BRICS prepares a "bundle" of digital currencies: India promotes CBDC payments for trade and tourism by the 2026 summit
The Indian regulator proposes to build a single circuit for cross—border settlements by integrating national digital currencies of central banks, so that the digital rupee can "talk" with the digital ruble, digital yuan and other CBDCs of the BRICS participants. Target scenarios are payments in trade and tourism, where today too many costs are eaten up by conversion, intermediaries and delays in correspondent chains.
A separate signal is institutional: India has officially launched the branding and preparation of its BRICS presidency in 2026 (logo, theme, website), which confirms that work on initiatives is not "in chat rooms", but on the working agenda of the year.

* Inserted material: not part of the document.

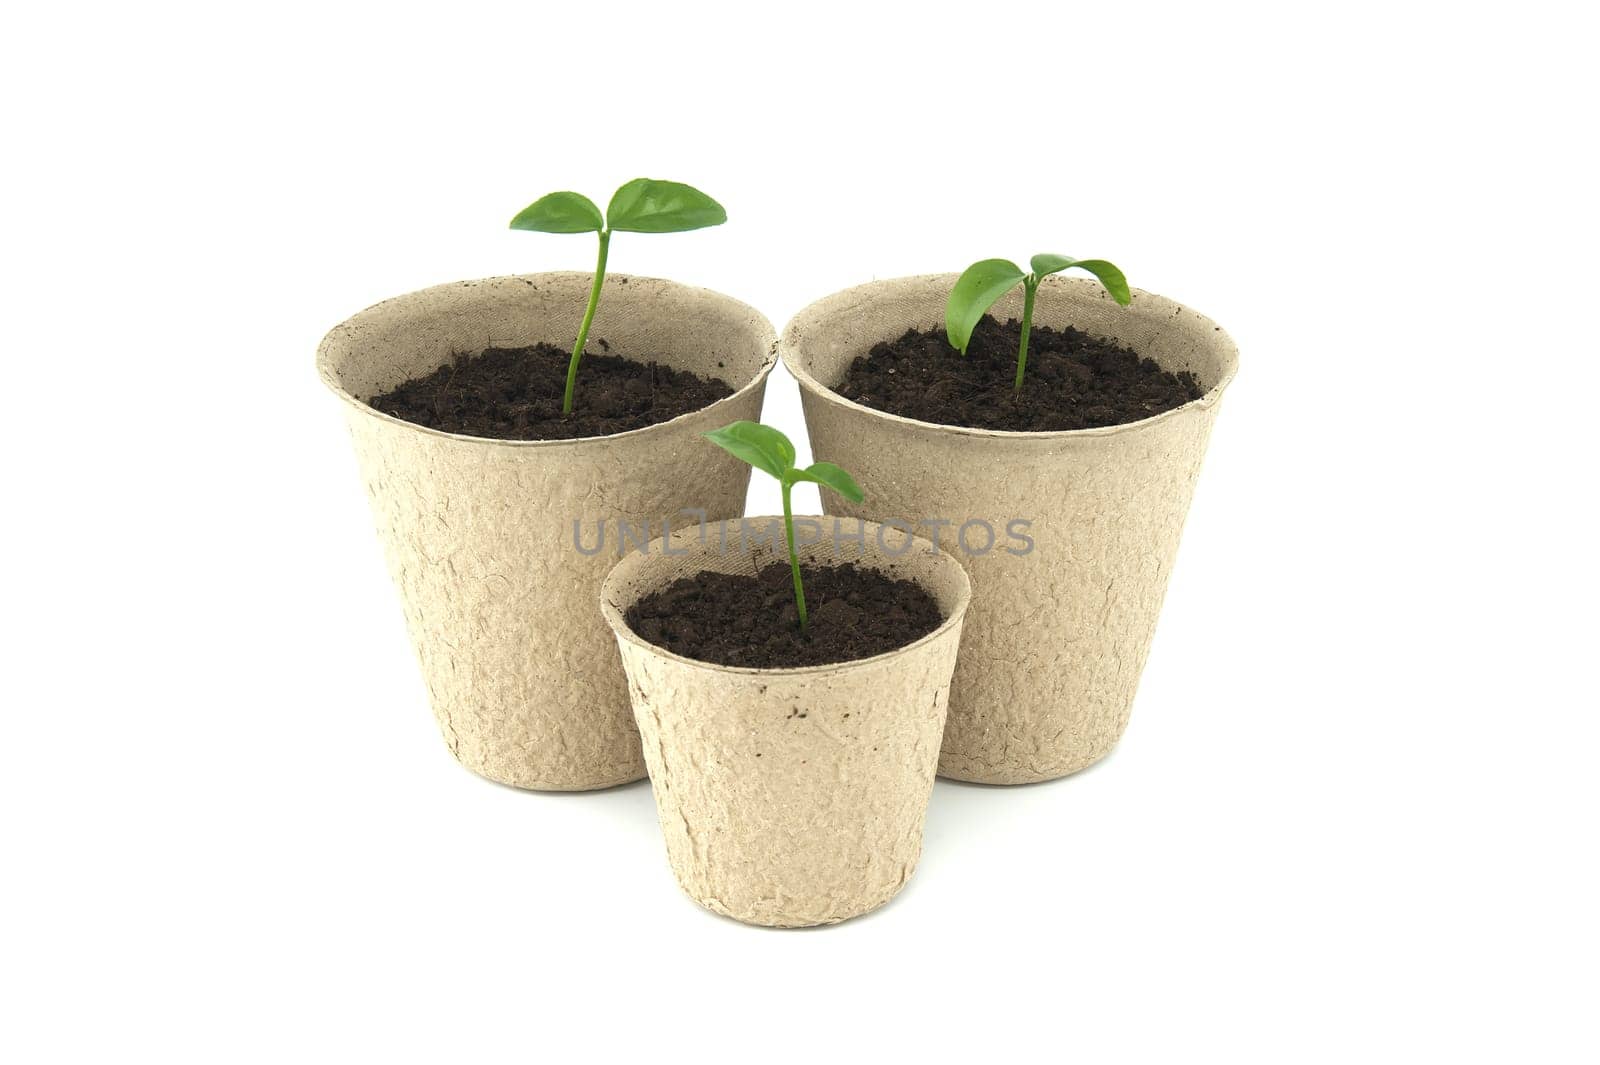 Green seedlings sprouting from biodegradable pots on white by NetPix

Why this could be a turning point for foreign economic activity and logistics
For foreign trade, money is the same part of the supply chain as a port, warehouse, or customs office. If payments accelerate and become predictable, the economics of the entire transaction change.:
- The speed of closing contracts. Less dependence on bank windows and manual compliance checks at each link → faster prepayment/postpaid → fewer cash gaps between importers and exporters.
- The cost of transactions. Some of the fees for international transfers and conversions go away, especially when payments are made directly in digital currencies and do not require a long route through third currencies.
- Documents and controls. With a competent architecture, the CBDC infrastructure can provide better payment tracing and reconciliation automation (invoice-payment—shipment), which simplifies currency control and reduces the risk of errors in documents.
Why is "one click" still more of a metaphor?
Even if a political decision is made at the summit, there are several difficult knots ahead.:
- Technology interoperability (different CBDC platforms, different accounting models, and security).
- KYC/AML and data exchange rules: without a single compliance standard, banks and large businesses will not transfer mass payments to a new circuit.
- Clearing and trade imbalances: a quick payment does not eliminate the issue of liquidity and "balancing" flows between countries — limits, swap lines and pilot corridors are likely.
Expert conclusion
For the foreign economic activity market, the main conclusion is pragmatic: it is worth preparing now, but without illusions. The BRICS Single Payment in the near future is more likely to be pilot routes and separate corridors for standard operations than an instant replacement of the usual schemes. Companies that are the first to learn how to integrate new payment methods into contracts (price/payment currency, delivery terms, payment triggers, proof of performance) will gain an advantage in transaction speed and financial circuit stability.